GIVEN MATERIAL =
───
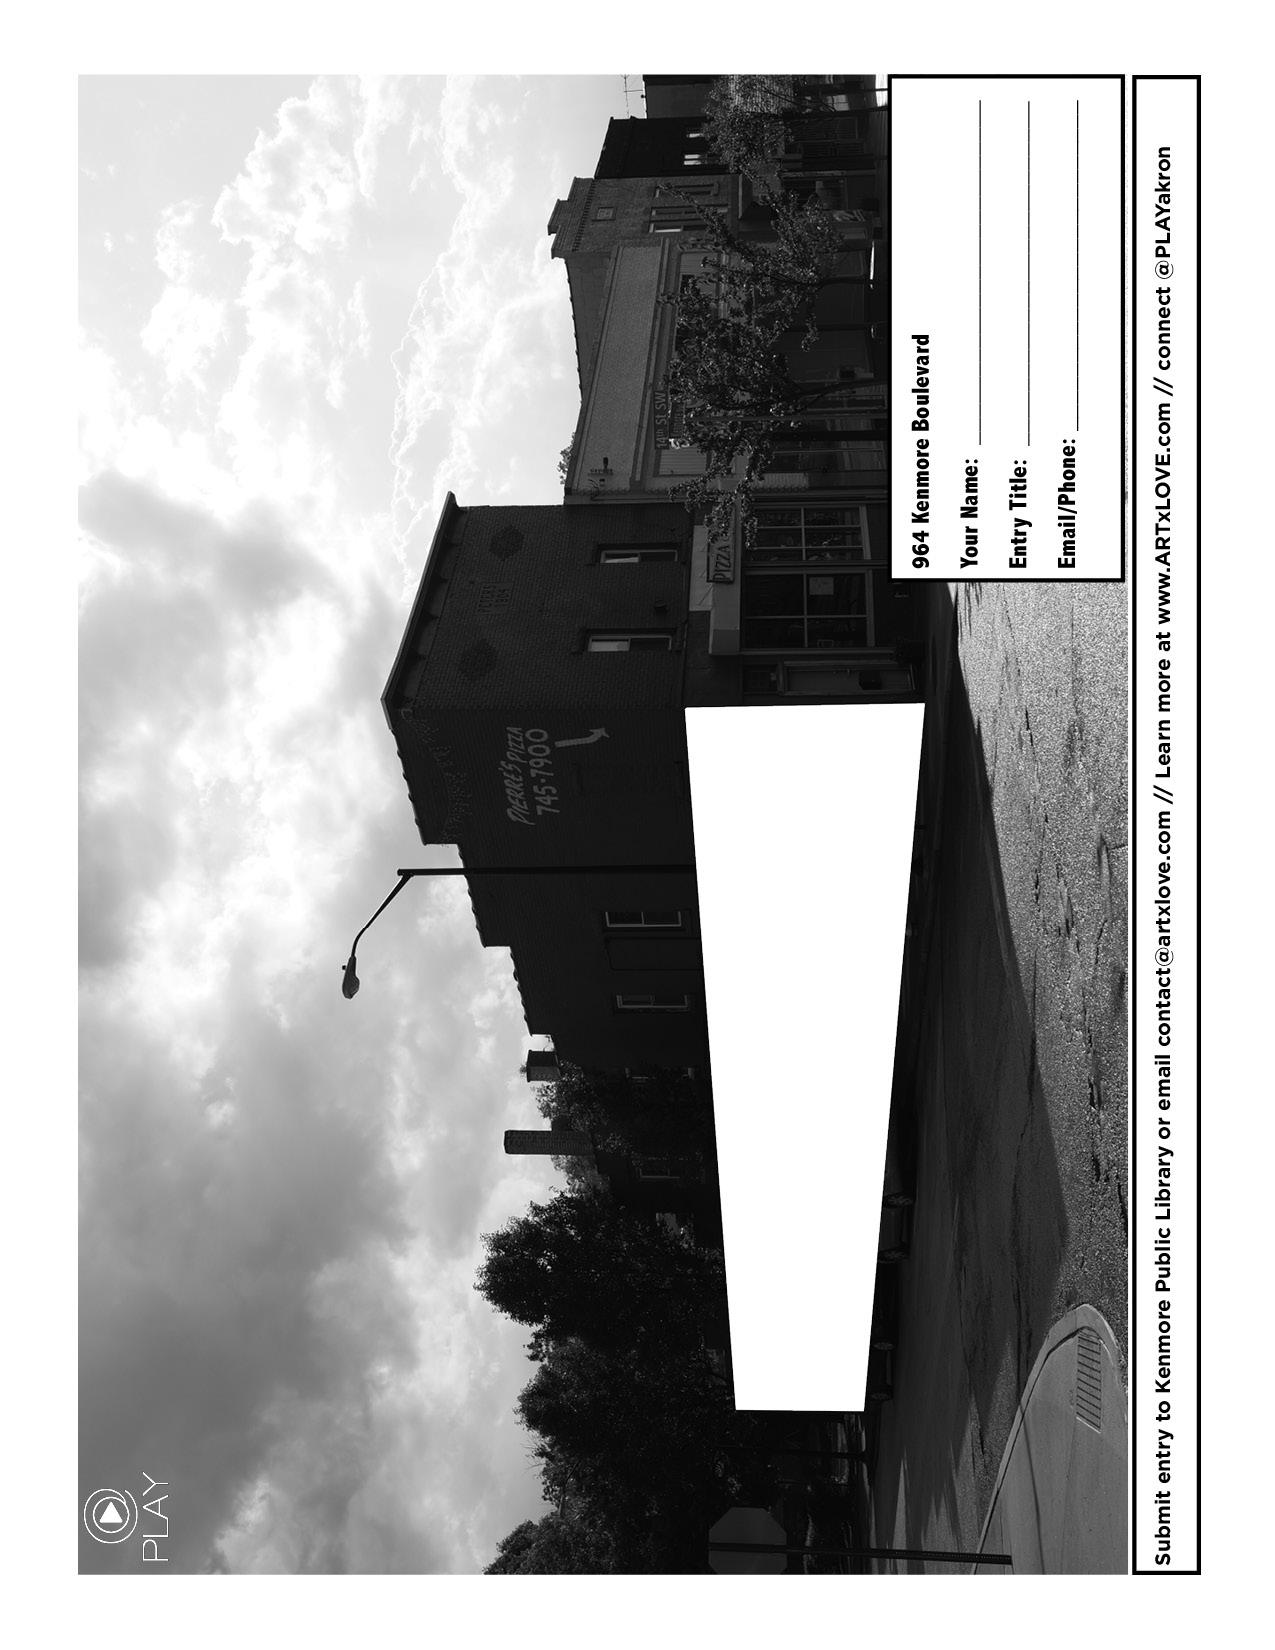 ARTxLOVE_Kenmore-Imagineer_coloring-book_final4.jpg
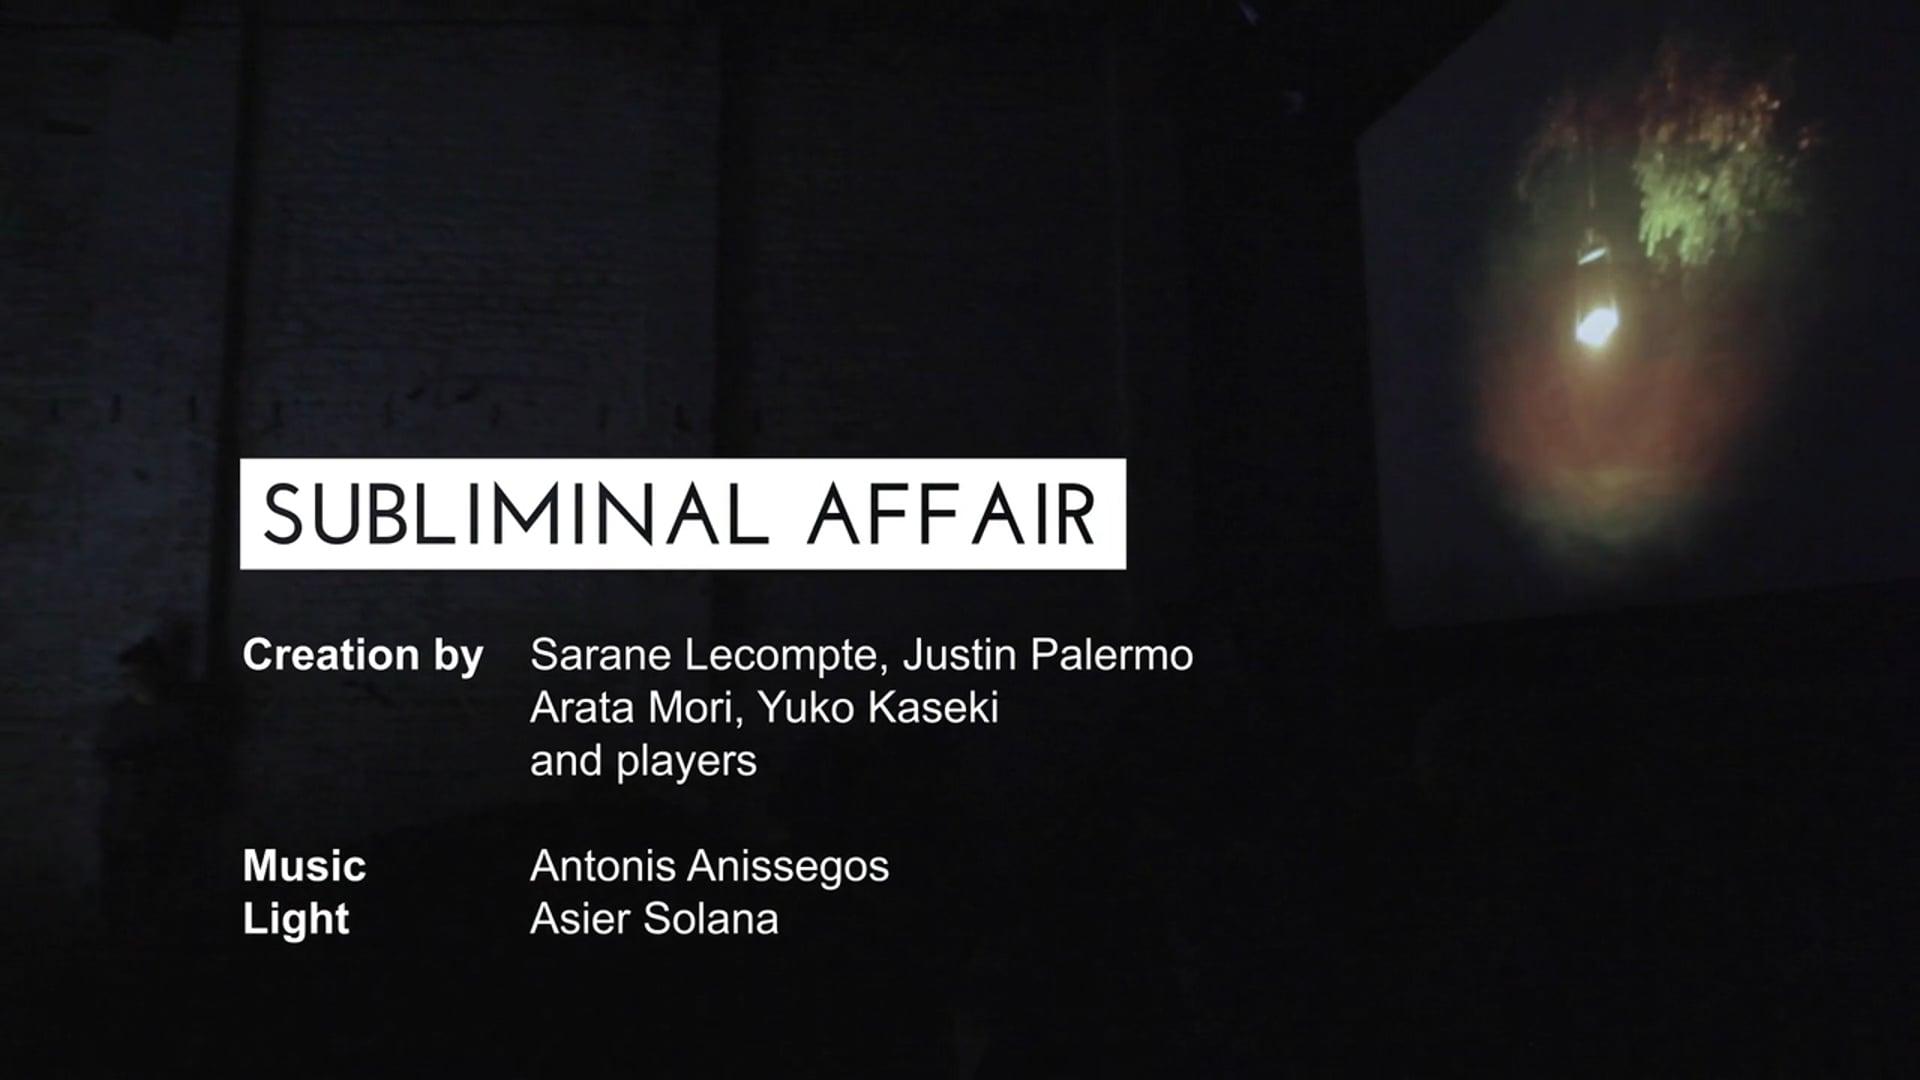 Subliminal Affair
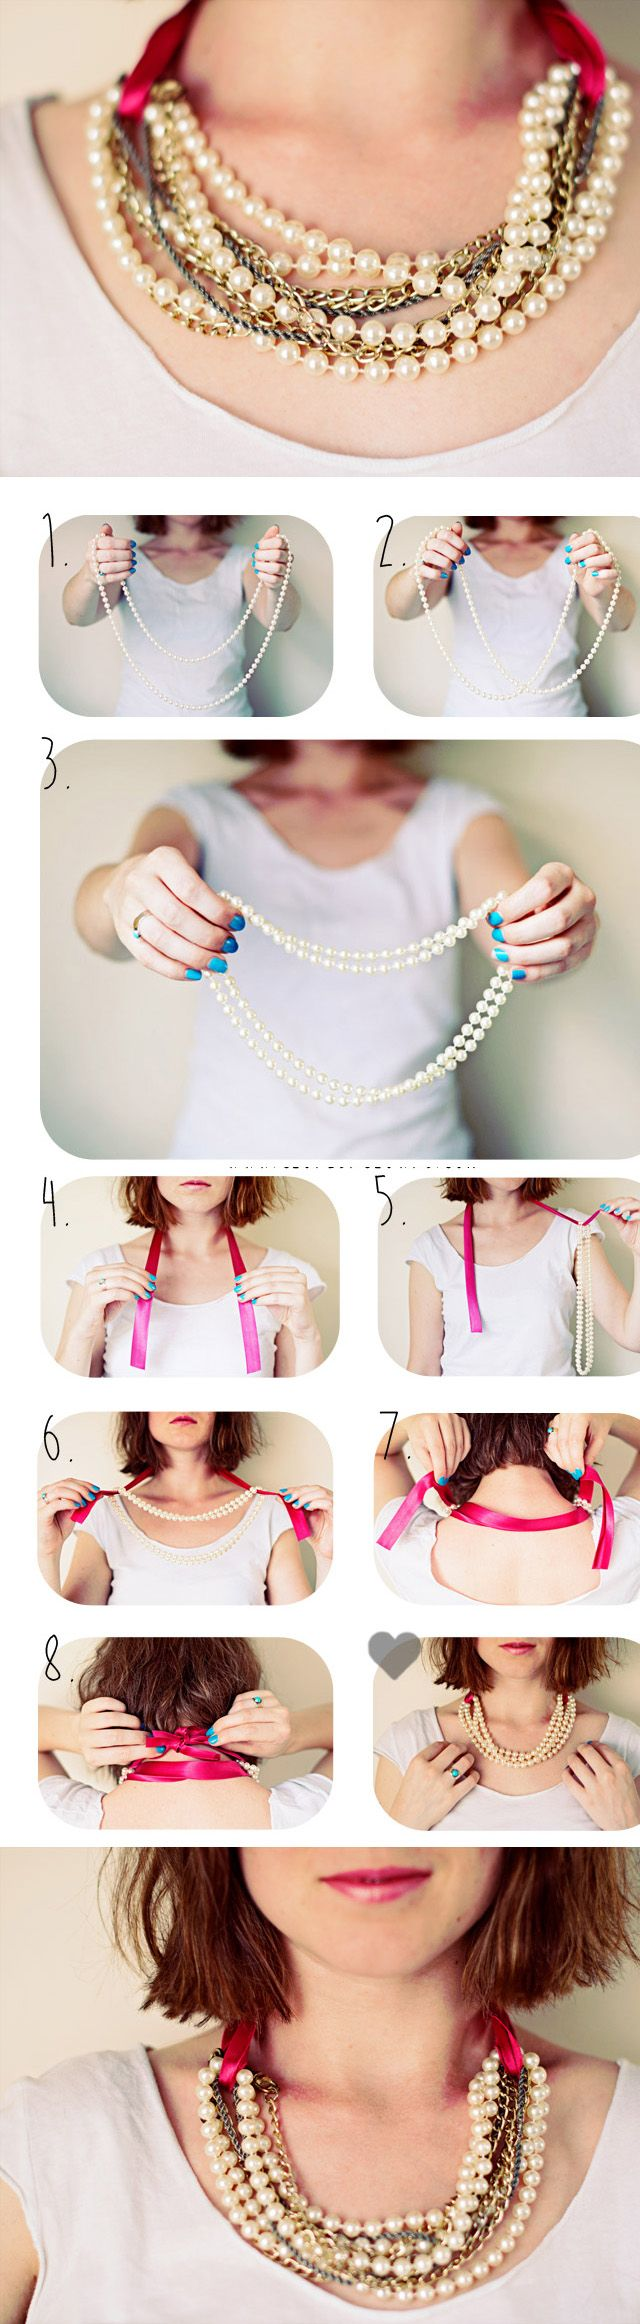 diy-colar-nacklace (4)
───
AIM OF THE EXERCISE =
Where a picture appears in the listing above, skip it and set down all the rest exactly.

OUTPUT FOR THIS TASK =
 ARTxLOVE_Kenmore-Imagineer_coloring-book_final4.jpg
 Subliminal Affair
 diy-colar-nacklace (4)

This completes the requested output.